I also looked into making the "view initial" unnecessary. I looked at making the code not use the current scene position of the atoms and instead use their local model coordinates. But the fitting code computes transformations from the current position and making this change require changing too much code for an extremely narrow use. So once, again this is just not worth the effort. We have hundreds of things to work on that will be far more widely used, so I can't spend the time. Even adding the seed option is somewhat crazy given that I expect you are the only one who will ever use it. We need to focus ChimeraX development on things hundreds or thousands of people will use, and there are many such things.
comment:8 by , 19 months ago
Many thanks, Tom! I thought it was only one or two lines. The current is already great! On Fri, Apr 5, 2024 at 4:21 AM ChimeraX <ChimeraX-bugs-admin@cgl.ucsf.edu> wrote: > > >
comment:9 by , 19 months ago
How much code is needed is not important -- what is relevant is how many people will use the feature.

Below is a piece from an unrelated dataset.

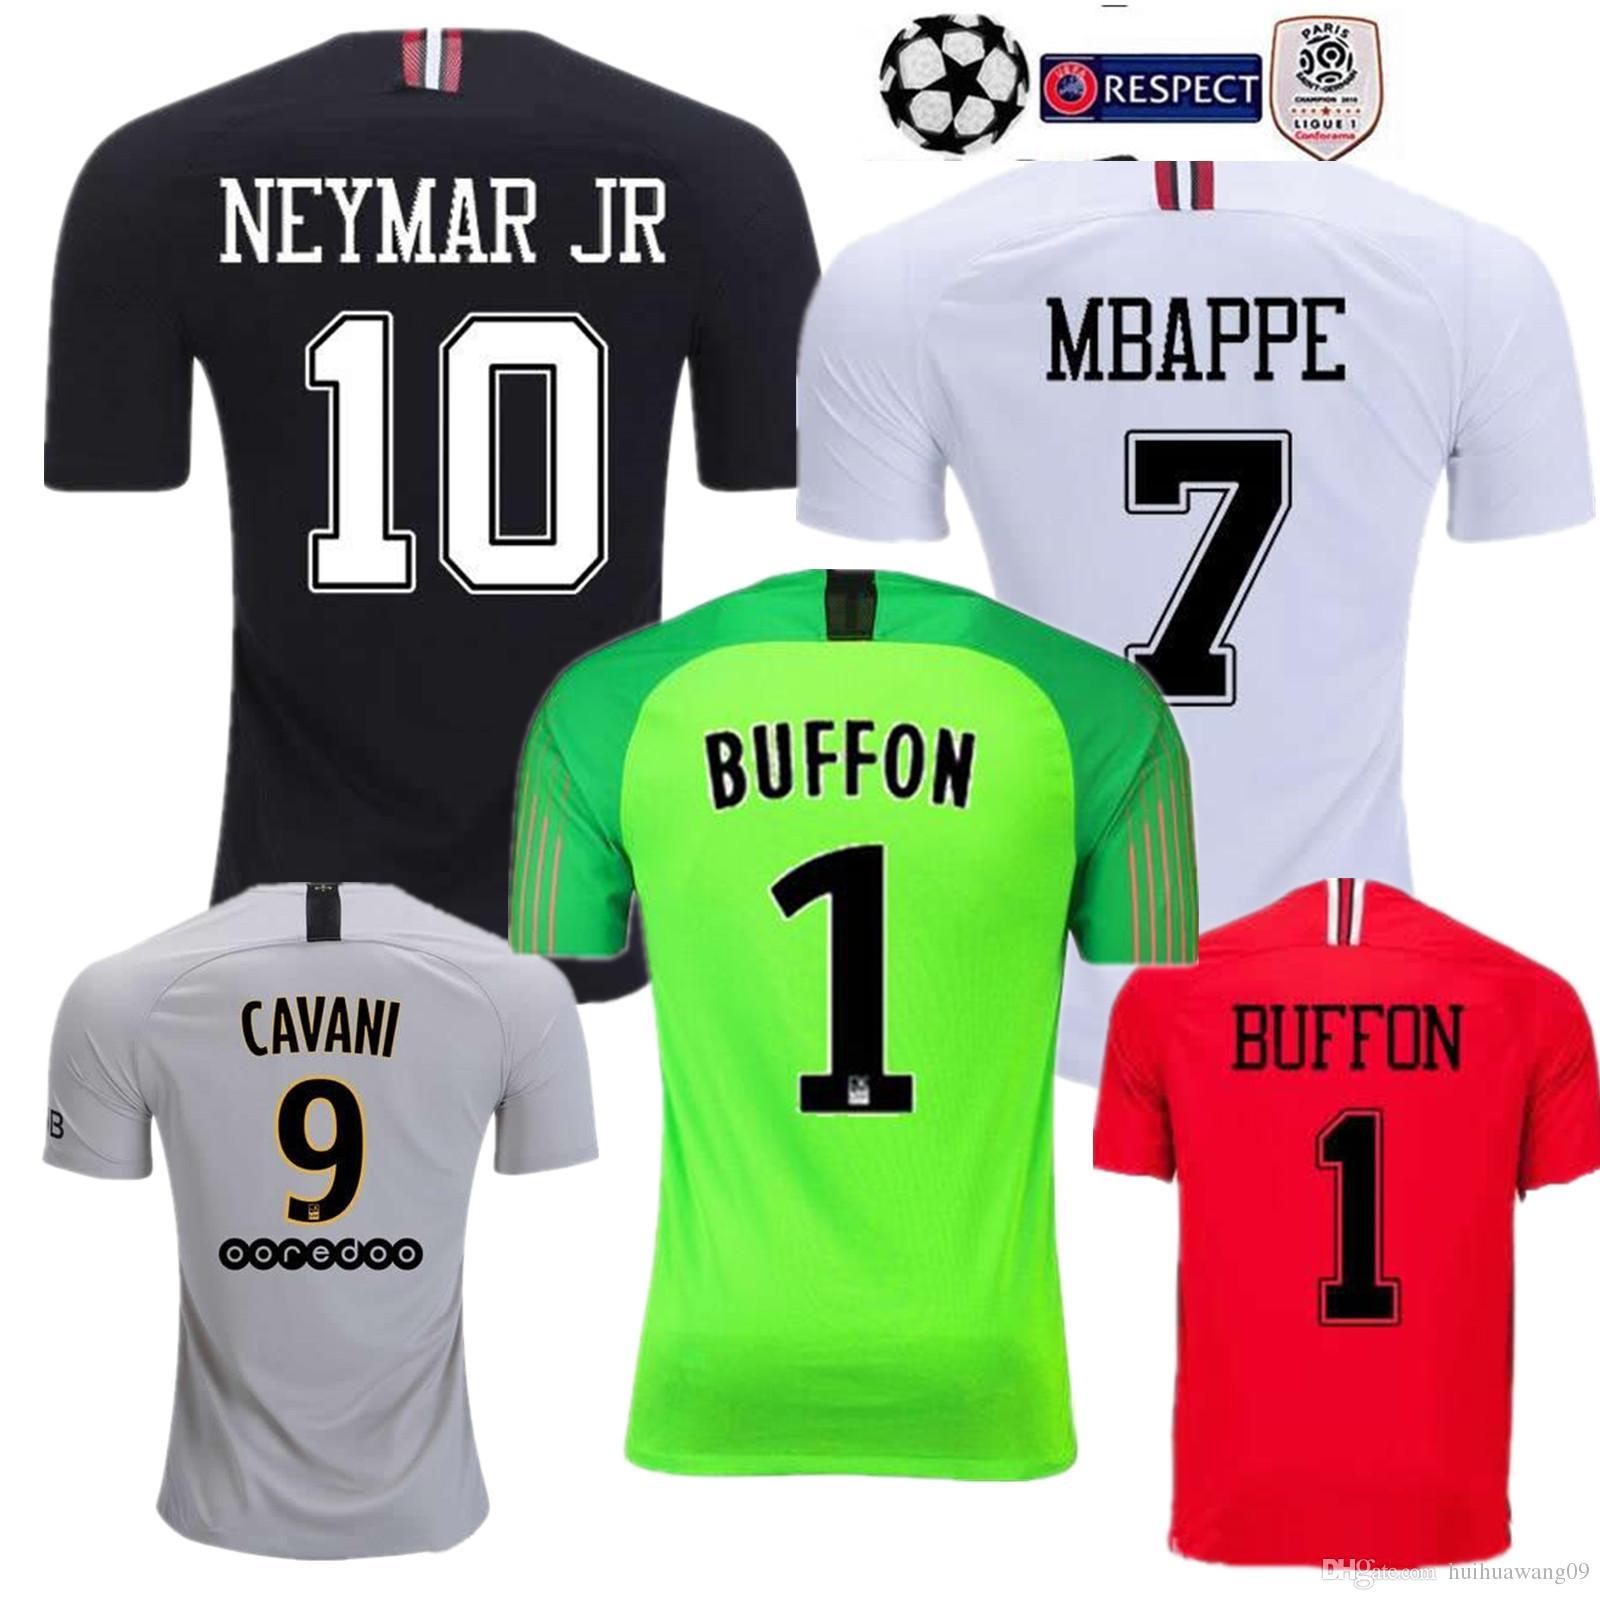 official photos a11c4 dfba5 33 Goalkeeper T Shirt 18 19 Mbappe League Dhgate Paris From ...

The fitmap code uses the Python random module random() function. That random number generator uses the random.seed() function to set a random seed. But the fitmap code is not setting the seed. So the results from one run to the next of fitmap with the search option are likely to be different, but could be the same if the Python random.seed() has been set by other ChimeraX code to an identical value.
I tried PDB 8gam and EMDB 29900 with
When I started ChimeraX two times and ran this it gave identical results. That makes me suspect that some code in ChimeraX has set the random seed to an initial value. If I start python3 two times and call random.random() I get different values. So it appears that Python randomizes the initial seed. I know there are routines in ChimeraX that set the random seed, for instance code that assigns random colors to the proteins based on their sequence during initial display. So if you open a structure where such colors are assigned the seed will get set to a reproducible value.
If I run fitmap as above twice in the same session I get different results (14 fit instead of 11) as expected.